■ What is being asked: All lines in the records below from the line with "Das Bild zeigt" through the line with "El hospital Irurzun" are to be given again exactly, both ends included; the pictures are to be left out.

■ Data for the task:
================

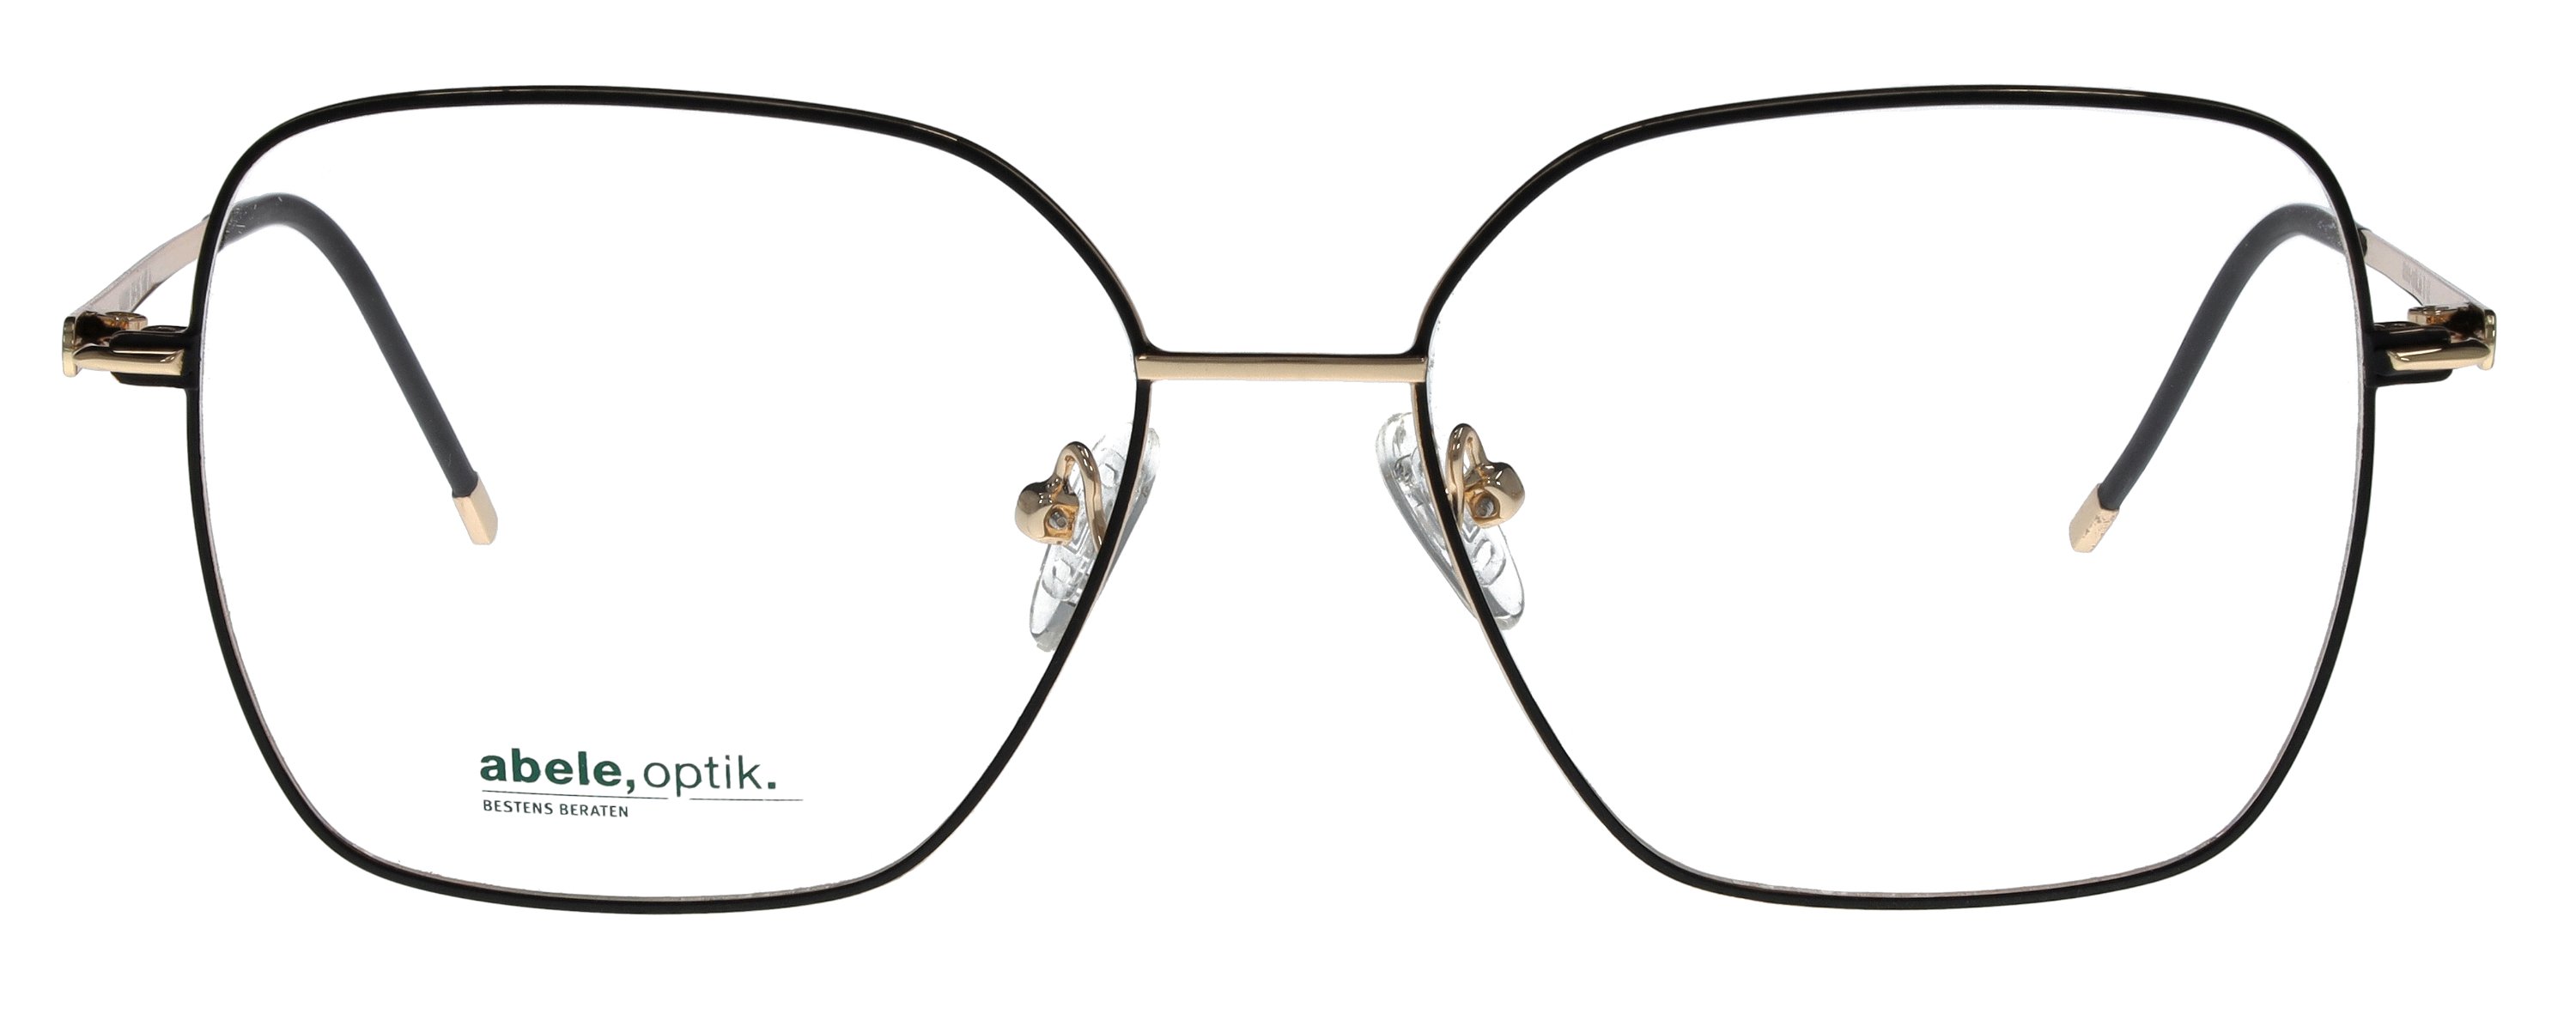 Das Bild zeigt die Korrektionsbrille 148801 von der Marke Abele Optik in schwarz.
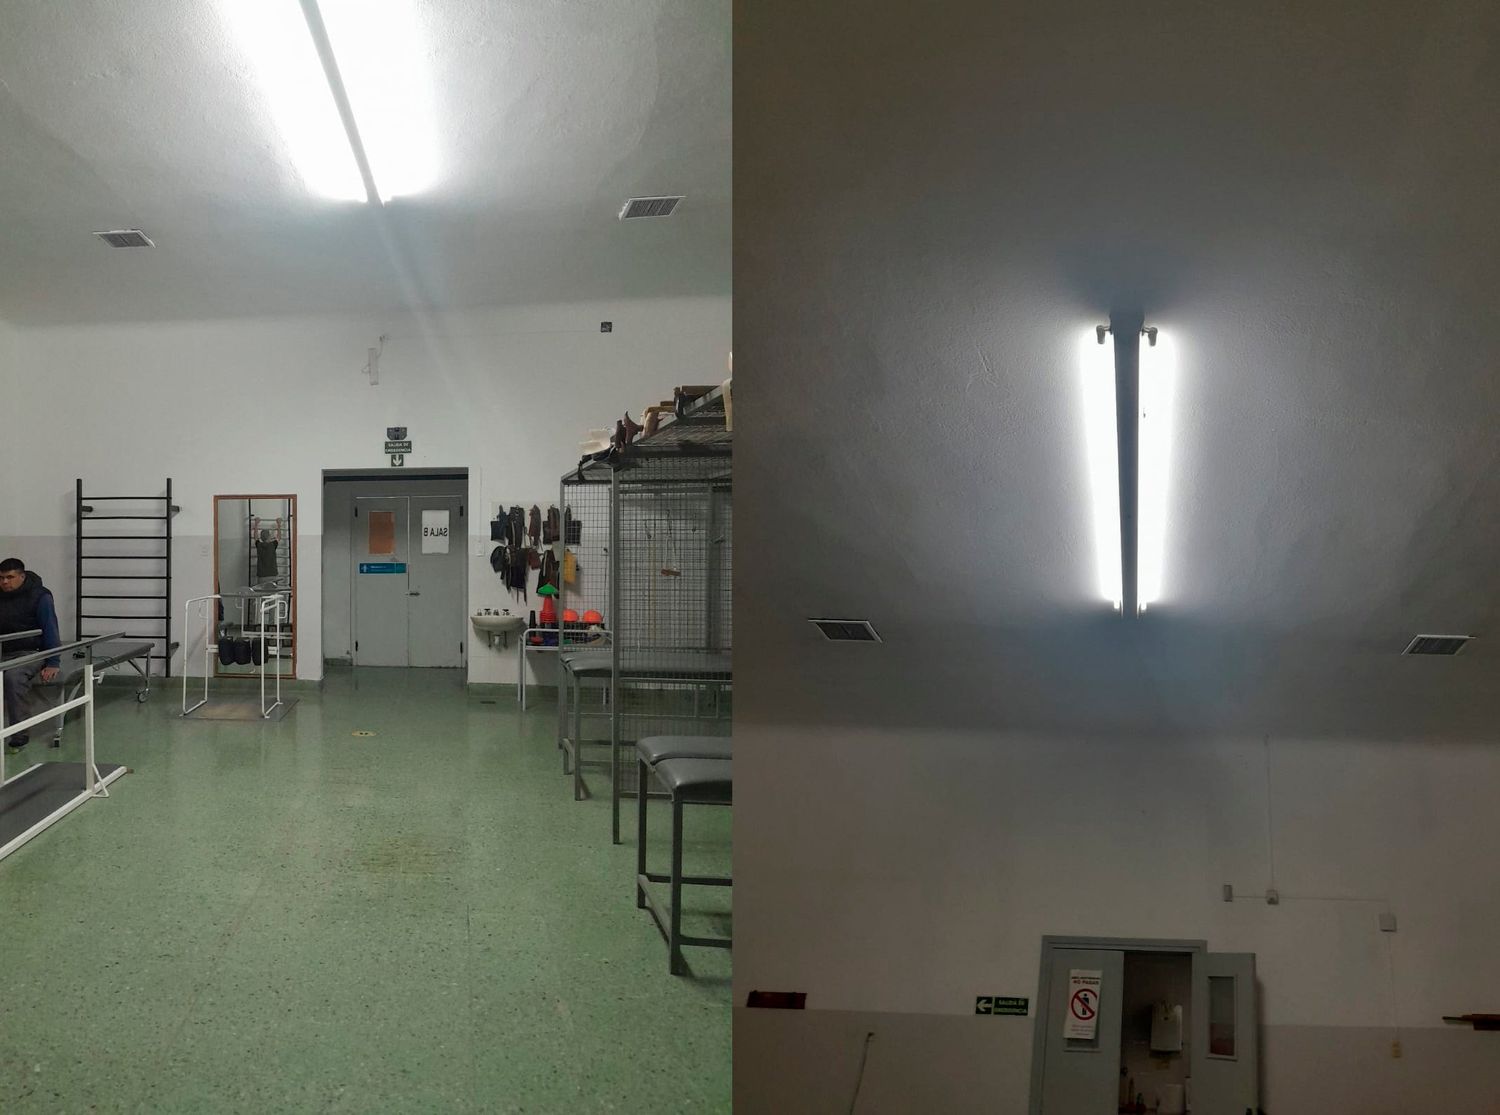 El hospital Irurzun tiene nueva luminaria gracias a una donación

================

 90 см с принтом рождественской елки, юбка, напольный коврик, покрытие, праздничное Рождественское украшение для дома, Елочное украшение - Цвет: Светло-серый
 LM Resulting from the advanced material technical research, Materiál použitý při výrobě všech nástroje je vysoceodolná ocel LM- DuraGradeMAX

================

■ Solution:
 Das Bild zeigt die Korrektionsbrille 148801 von der Marke Abele Optik in schwarz.
 El hospital Irurzun tiene nueva luminaria gracias a una donación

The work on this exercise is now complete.